Parece increíble que estas palabras salieran de bocas (aisladas pero
no cuestionadas) de un movimiento que ha reivindicado el cuerpo como
instrumento para tocar la realidad y la diferencia sexual como toque
de desconstrucción de la cultura unívoca de hombre-falo-razón.
La diferencia sexual es sobre todo presencia de los cuerpos y sus representaciones,
presencia viva y activa en la confrontación de las culturas. Ser negra,
ser lesbiana, ser india es tan importante para ella como ser mujer.
Según Norma Mogrovejo, desde el II Encuentro, en Lima, en 1983, las
lesbianas se apropiaron de los debates entre las feministas, dando visibilidad
a su sector. En Chile, el lesbianismo fue un eje fundamental de discusión.
En Dominicana sin embargo, fue un tema ausente, pues el temor y la desconfianza
del feminismo dominicano a las lesbianas se manifestó como ocultamiento.
Como siempre cuando se escribe acerca de un suceso tan cercano, no pude
medirse sus efectos ni analizar sus facetas.
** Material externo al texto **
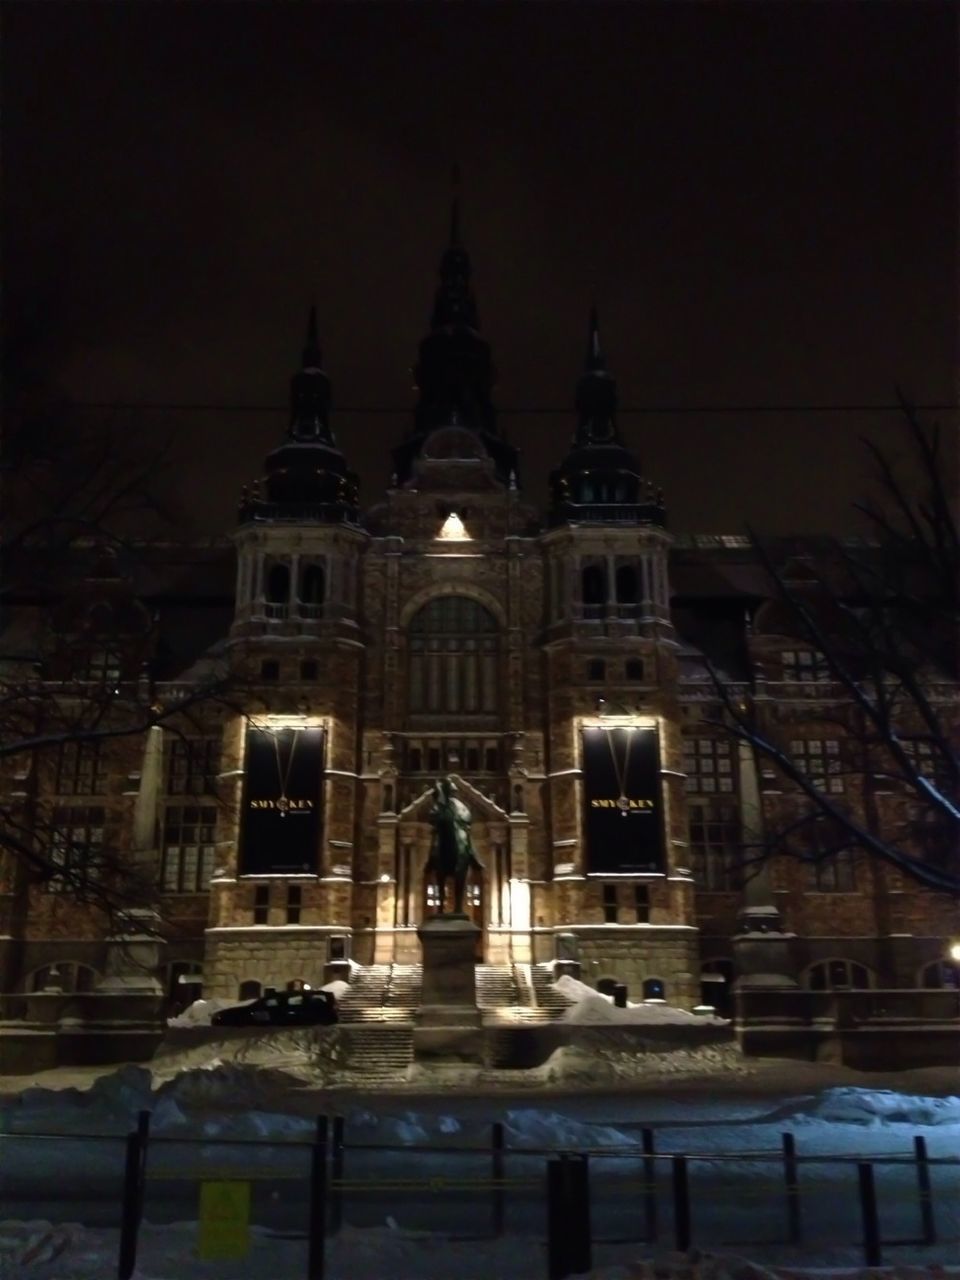 VIEW OF CHURCH AT NIGHT

Tampoco las agresiones
que sufrió por la evidente "fuga" de las feministas monopólicas, que
fingieron no saber que se efectuaba (salvo Gina Vargas no fue ninguna
"institucional" famosa).
Puede ser que el encuentro haya iniciado cuando el Encuentro concluyó,
como afirmaron amigas que se quedaron a dialogar entre sí.
Sólo me queda la duda si disgregarnos a la hora de las comidas; descentralizarnos
en las playas turísticas, desconcentrarnos en la falta de espacios y
referencias comunes, no fue más bien un plan de desmovilización del
feminismo latinoamericano, ahora demasiado crítico con las instancias
de financiamiento de las tecnologías de género.